The interesting point is that ice ages seem to occur just before major transitions in the evolutionary history of Earth. We don't know much about the Huronian ice age, but it occurred just at the boundary of the Archean and the Proterozoic, at the time of the appearance of the Eucaryotes. Then, the Cryogenian preceded the Ediacaran period and the appearance of multicellular life that colonized the land. Finally, even the evolution of the Homo Sapiens species may be related to the most recent ice age cycle. With the cooling of the planet and the reduction of the extent of forested areas, our ancestors were forced to leave the comfortable forests where they had lived up to then and take up a more dangerous lifestyle in the savannas. And you know what it led to!

So, maybe there is something good in ice ages and, after all, James Lovelock's intuition may have hinted at an important insight in how evolution works. Then, there remains the question of how exactly ice ages drive evolution. Maybe they have an active role, or maybe they are simply a parallel effect of the real cause that drives evolution, quite possibly the increasing concentration of atmospheric oxygen that has accompanied the biosphere over the past 2.7 billion years. Oxygen is the magic pill that boosts the metabolism of aerobic creatures -- what makes possible creatures like us. 

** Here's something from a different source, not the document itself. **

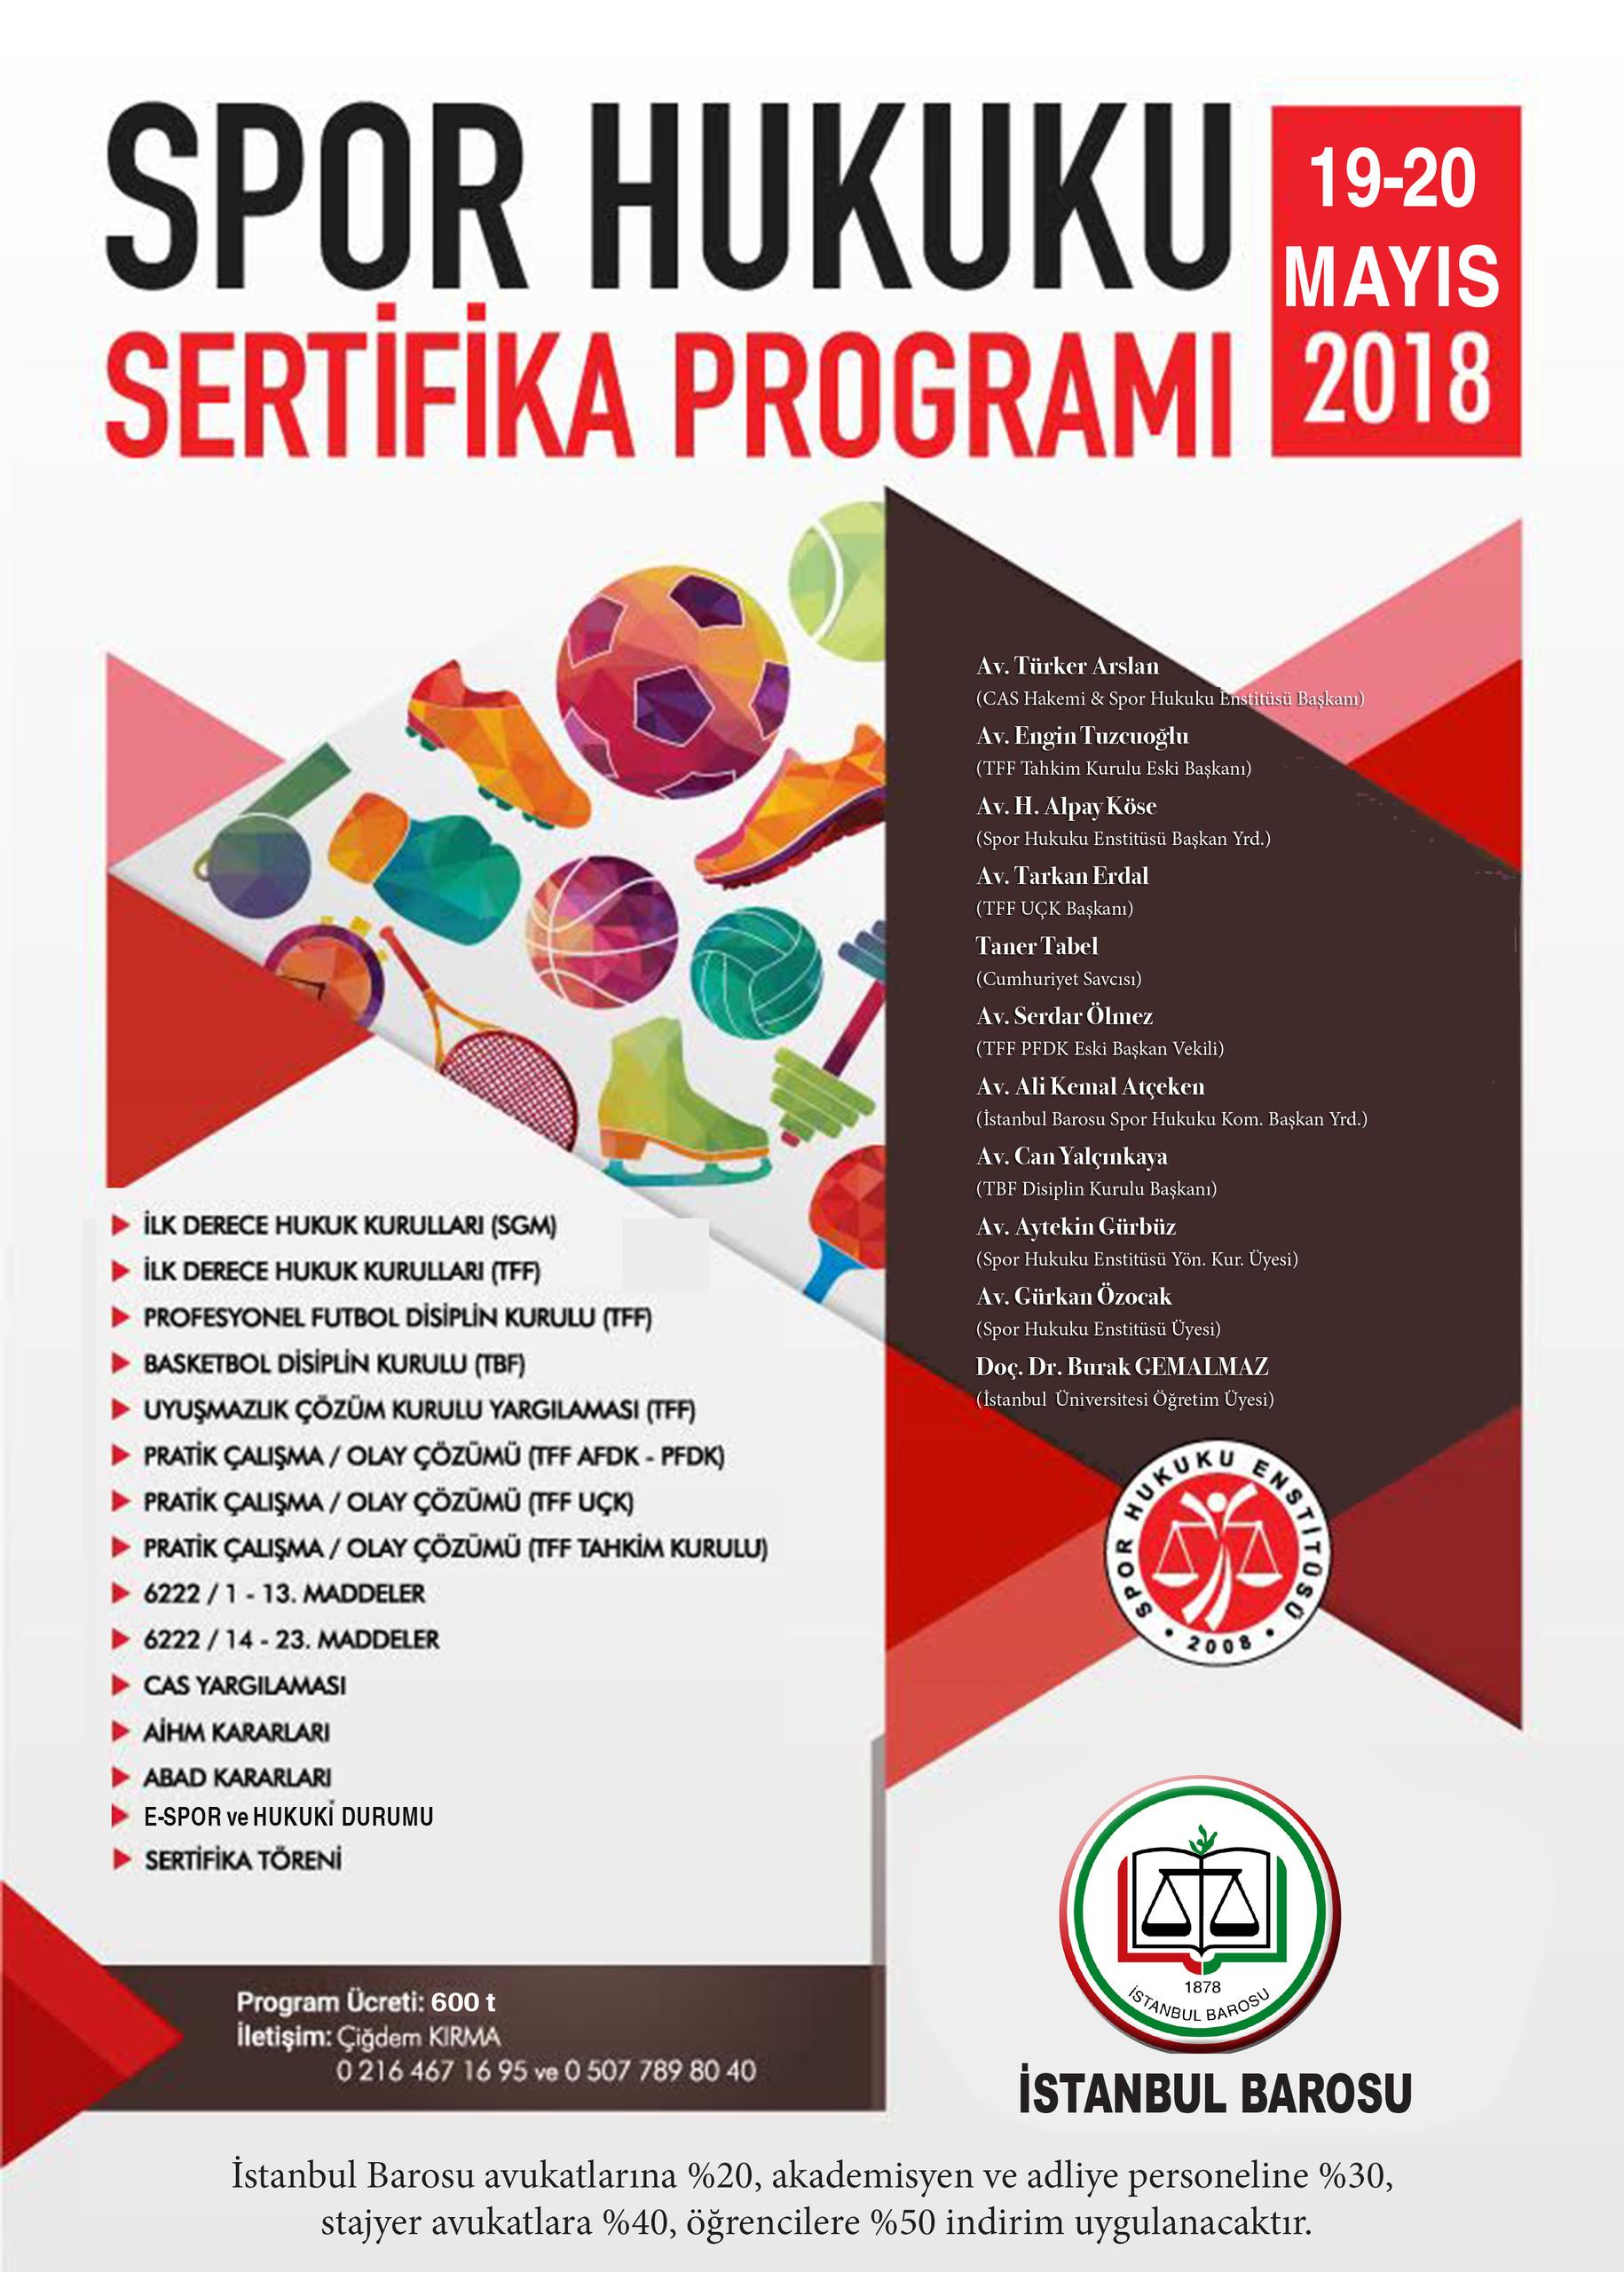 Spor Hukuku Sertifika Programı

In any case, it is likely that ice ages will soon be a thing of the past on planet Earth. The effect of the human perturbation may be moderate and, when humans will stop burning fossil hydrocarbons (they have to, one day or another) the system may reabsorb the excess CO2 and gradually return to the ice age cycles of the past. That may occur in times of the order of at least several thousand years, possibly several tens of thousands. But the climate is a non-linear system and it may react by reinforcing the perturbation -- the results are unknowable. 

What we know for sure is that the cycle of Earth's ecosystem (Gaia) is limited. We still have about 600 million years before the sun's increasing brightness takes Earth to a different condition: that of "wet greenhouse" that will bring the oceans to boil and extinguish all life on the planet. And so it will be what it will have to be. Gaia is long-lived, but not eternal.